Let $(\Omega, \mathcal{F}, P)$ be a probability space, and let $X_1,X_2,\dots$ be a sequence of i.i.d. random variables. Let $$S_n:=X_1+\cdots+ X_n,$$ and define $\mathcal{G}:=\sigma(S_n)$, the $\sigma$-field generated by the sum $S_n$. Compute $E(X_1\vert S_n)$.
For reference, by definition, $E(X_1\vert S_n):= E(X_1\vert\sigma(S_n))$, where the latter is the a.s. unique $\sigma(S_n)$-measurable random variable such that $$\int_A E(X_1\vert\sigma(S_n))\,dP=\int_A X_1\,dP\quad\text{for all }A\in\sigma(S_n).$$
My question is if the independence of the $X_i$ is unnecessary?
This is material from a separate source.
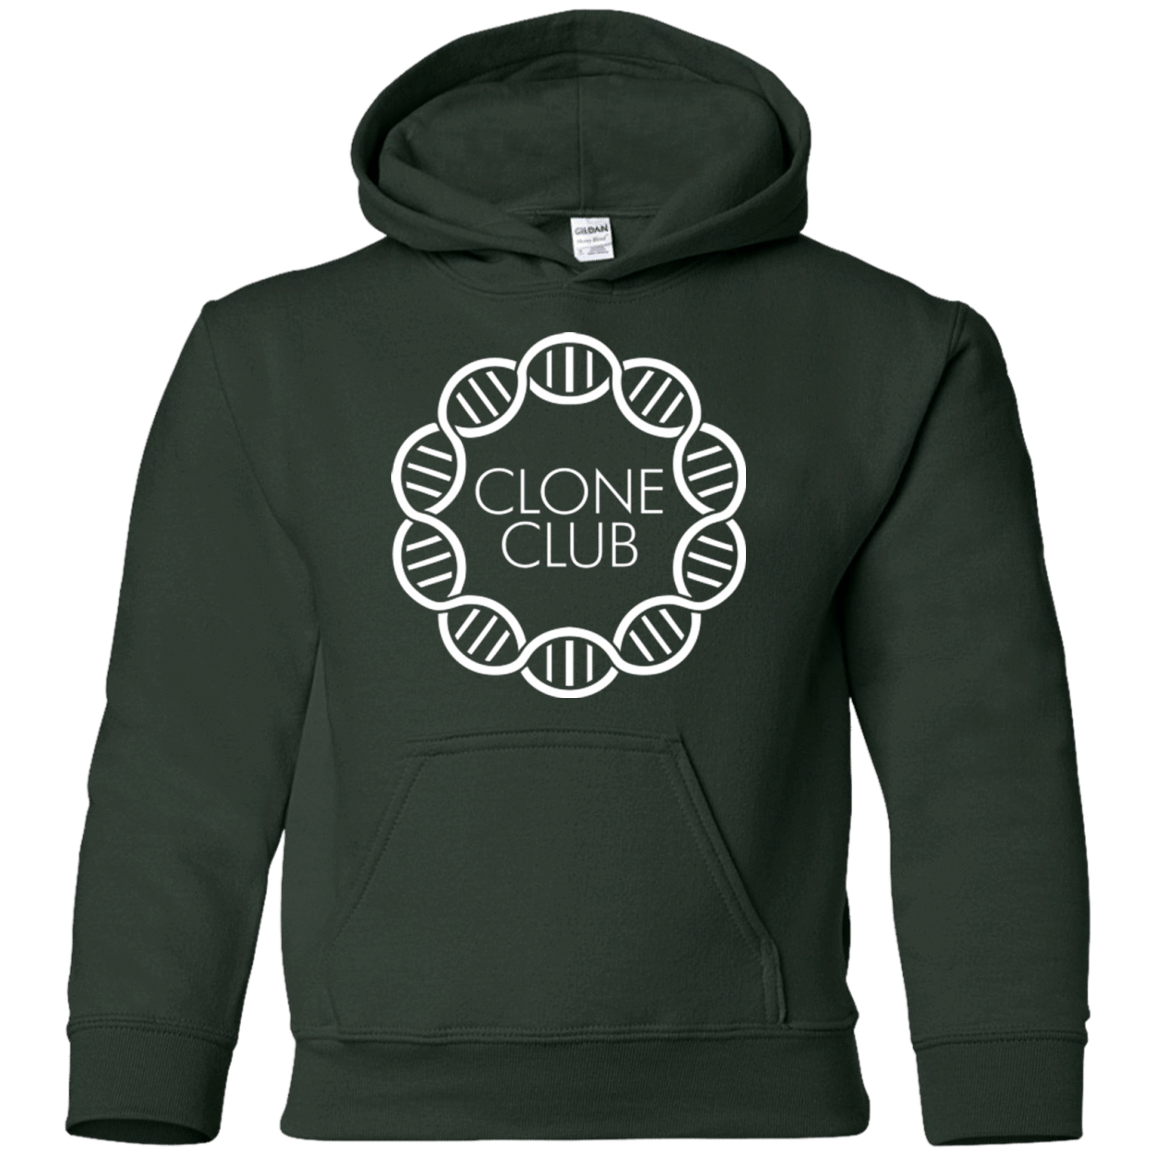 Sweatshirts Forest Green / YS Clone Club Youth Hoodie

This seems to be because my first attempt only requires the fact that they're identically distributed:
$$S_n = E(S_n\vert S_n) = E(X_1\vert S_n) +\cdots + E(X_n\vert S_n) =: Z_1+\cdots Z_n.$$
The first equality is immediate from the definition and the second is from linearity. Then for any $1\le i< j\le n$ and any $A\in\sigma(S_n)$ we have that $Z_i$ and $Z_j$ are $\sigma(S_n)$-measurable and:
$$\int_A Z_i\,dP = \int_A X_i\,dP = \int_A X_j\,dP = \int_A Z_j\,dP,$$
since the $X_i$ are identically distributed and $\sigma(S_n)\subset \mathcal{F}$. Thus by definition we see that $Z_i=Z_j$, so that $E(X_1\vert S_n) = E(X_i\vert S_n)$ for all $i=1,\dots, n$. Hence
$$S_n = n\cdot E(X_1\vert S_n) \implies E(X_1\vert S_n) =\frac{1}{n} S_n.$$
Of course, in most of the equalities I mean almost sure equality. It doesn't seem like independence is necessary, but I want to verify.
I might be late but you need the independence here. You're integrating $X_i$ over an event of the type $A=\{S_n\in B\}$ which involves all $X_1,\dots,X_n$. To exchange $X_i$ and $X_j$ in the integral, you need for example that the vector $(X_1,\dots,X_i,\dots,X_j,\dots,X_n)$ hast the same distribution as $(X_1,\dots,X_j,\dots,X_i,\dots,X_n)$ (and the fact that this does not change the event A, but that's trivial). This only holds for i.i.d random variables. As a counter example consider $X_i\sim N(0,1)$ and $X_j=-X_i$.